### What you have to do
Your answer must be a word-for-word copy of the listing, with all pictures excluded.

### Supplied data
━━━

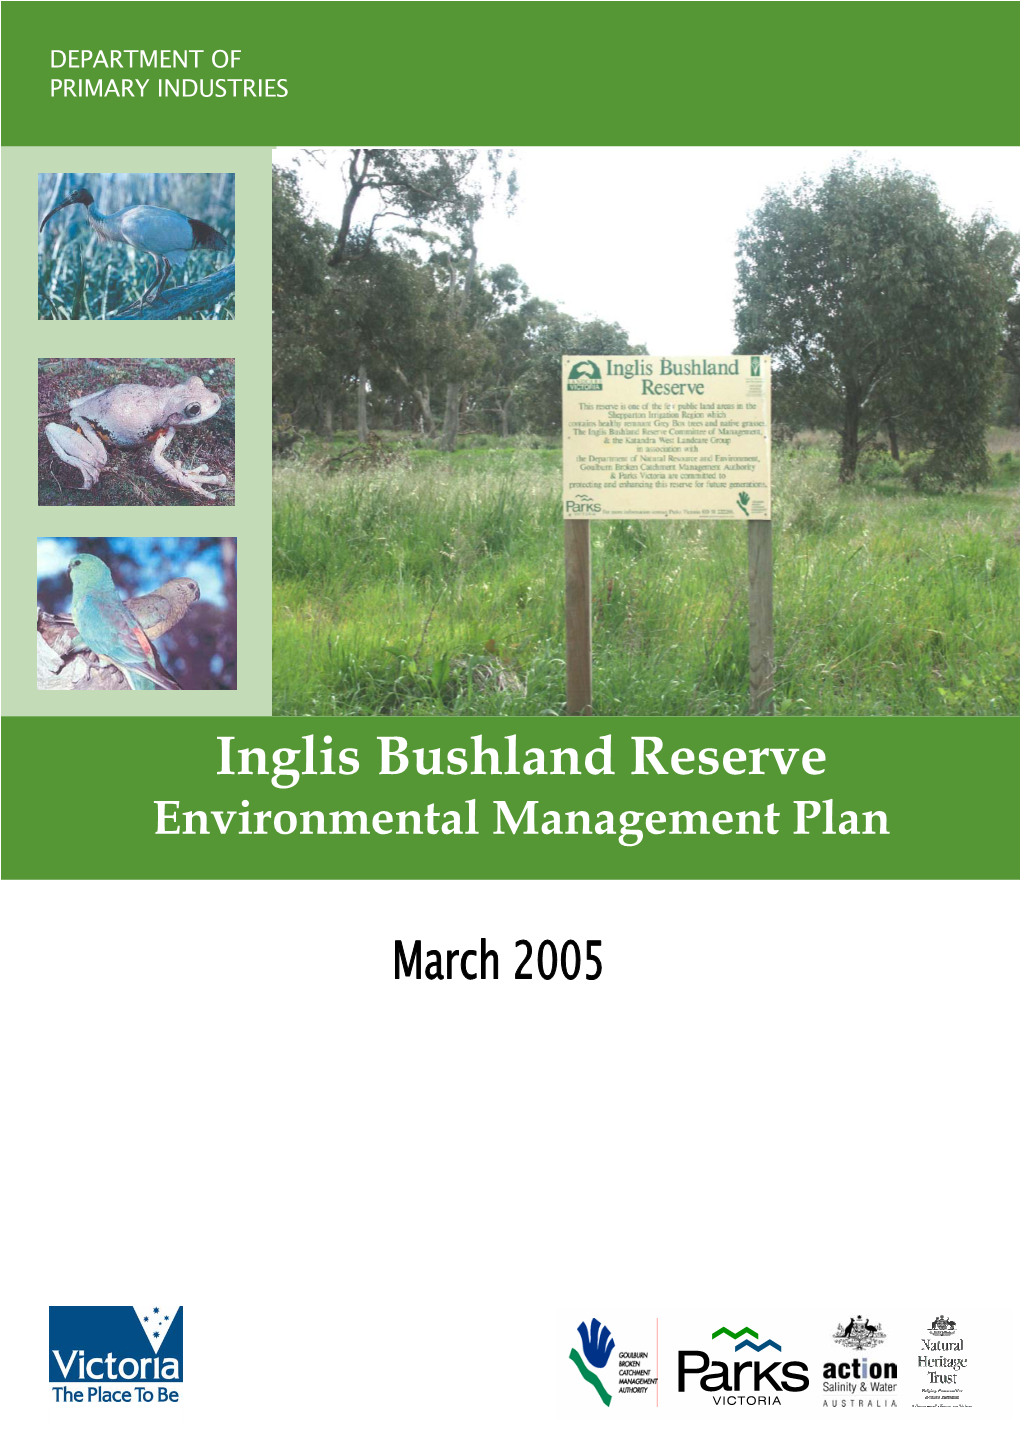 Inglis Bushland Reserve Environmental Management Plan
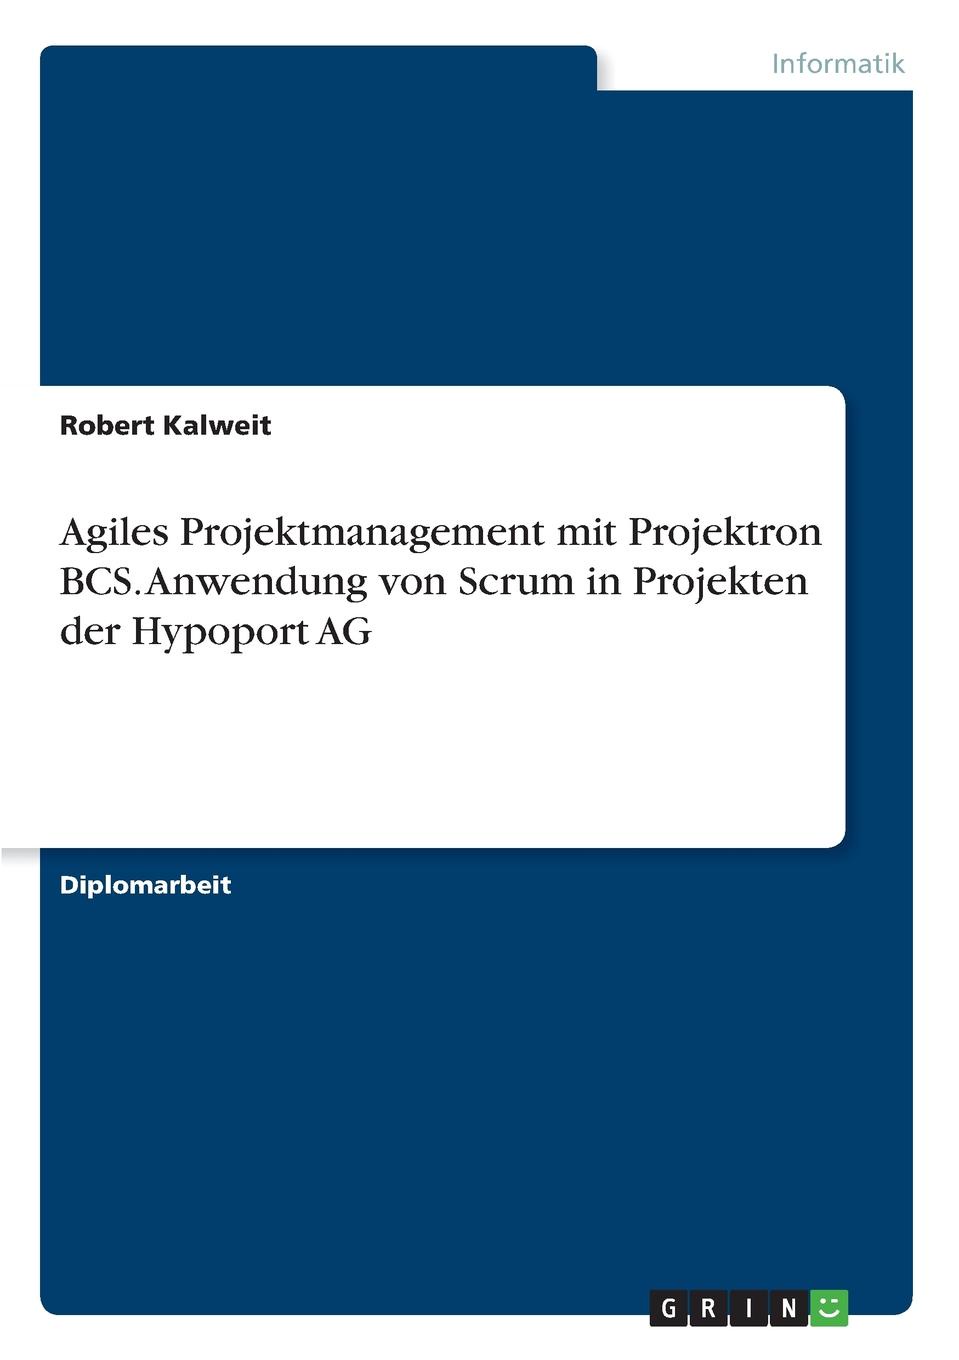 Agiles Projektmanagement mit Projektron BCS. Anwendung von Scrum in Projekten der Hypoport AG
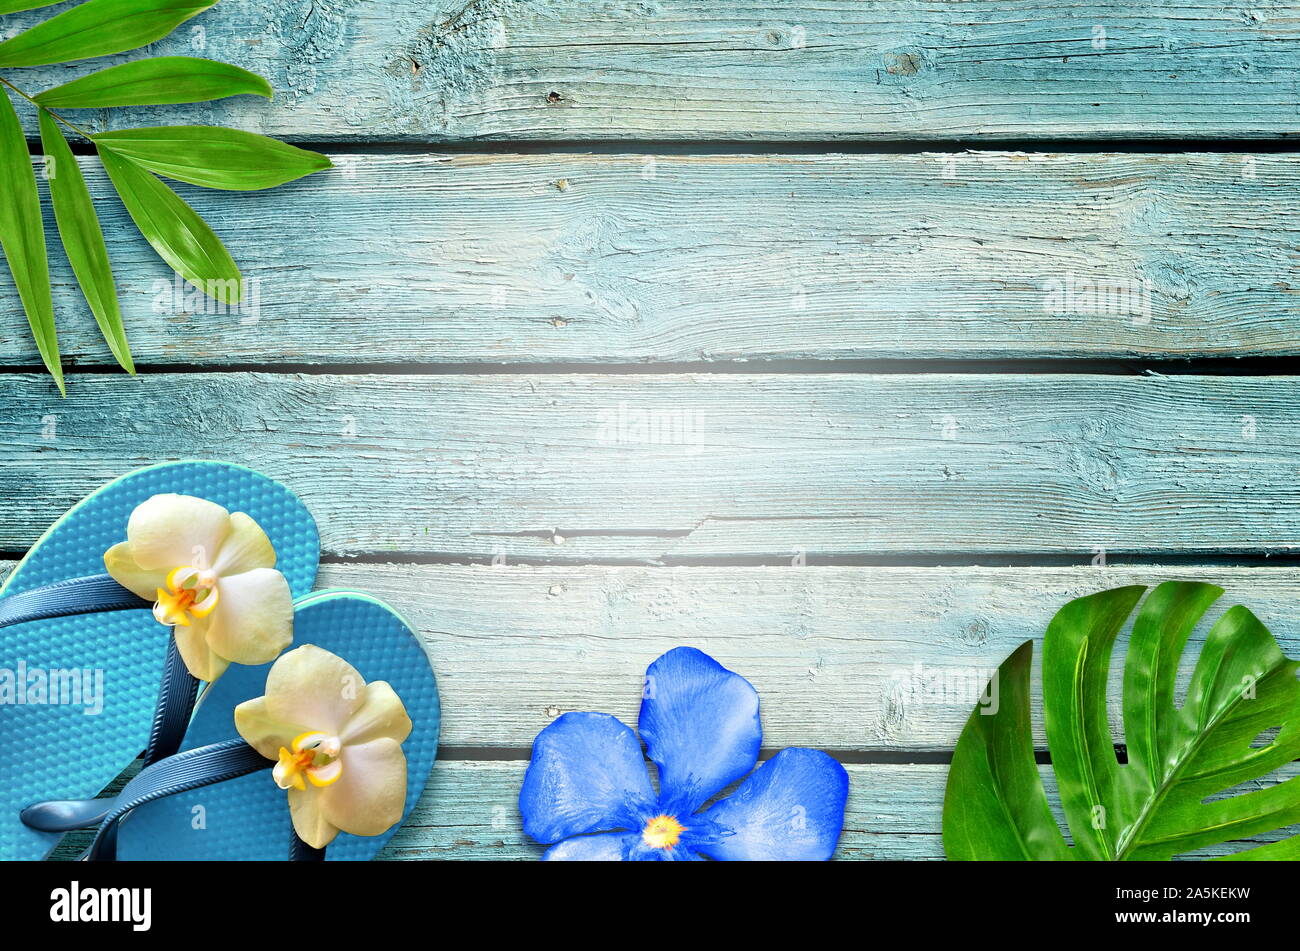 Sommer flachbild Hintergrund legen. Von tropischen Palmen Blätter, Flip Flops und Blume auf alten blauen Holz- Hintergrund. Stockfoto
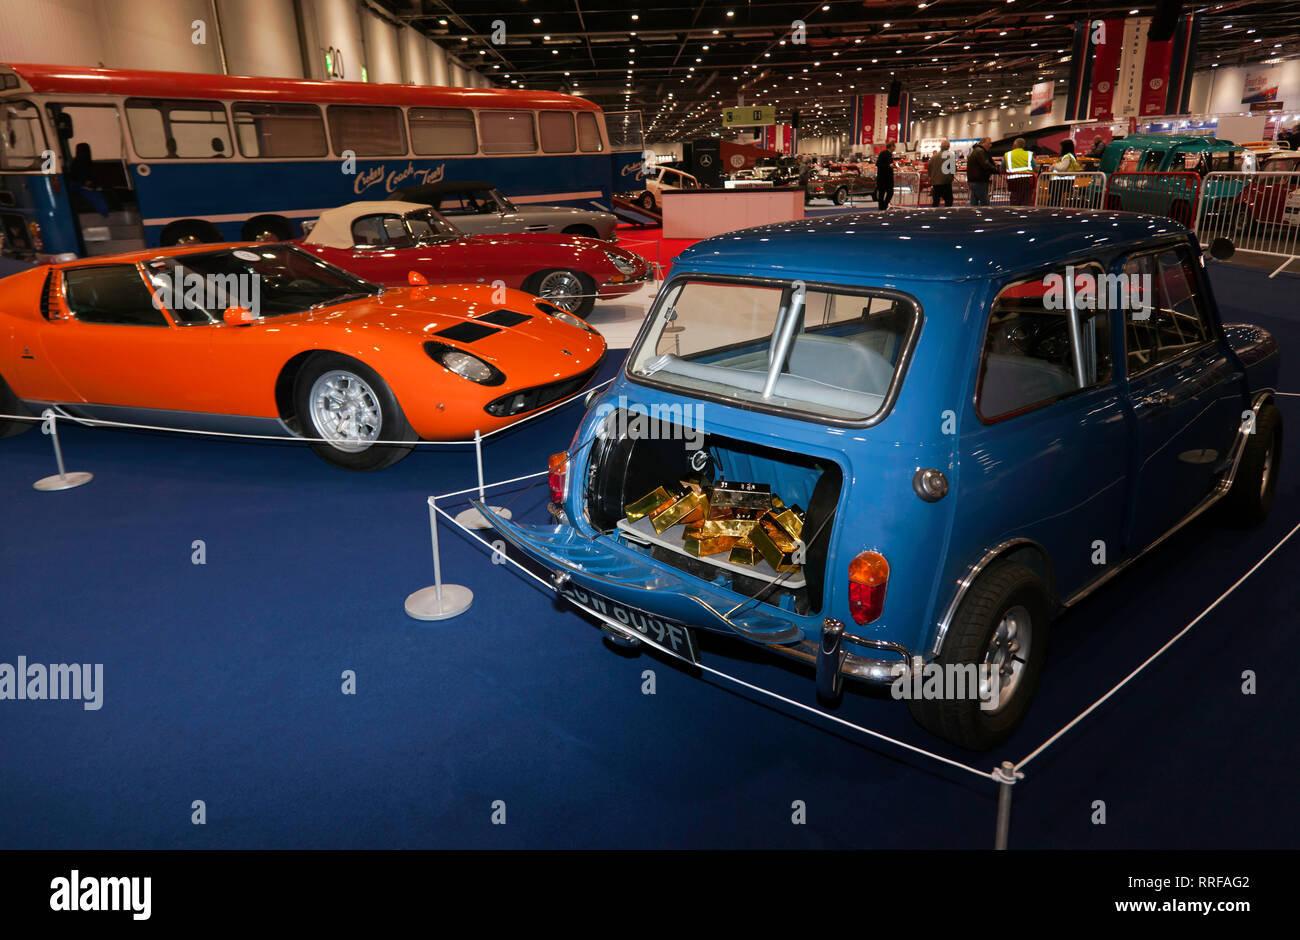 Display speciale di veicoli che presenti nel iconico British film " The Italian Job" sul display in corrispondenza del 2019 London Classic Car Show Foto Stock

━━━

### Answer to this problem
 Inglis Bushland Reserve Environmental Management Plan
 Agiles Projektmanagement mit Projektron BCS. Anwendung von Scrum in Projekten der Hypoport AG
 Sommer flachbild Hintergrund legen. Von tropischen Palmen Blätter, Flip Flops und Blume auf alten blauen Holz- Hintergrund. Stockfoto
 Display speciale di veicoli che presenti nel iconico British film " The Italian Job" sul display in corrispondenza del 2019 London Classic Car Show Foto Stock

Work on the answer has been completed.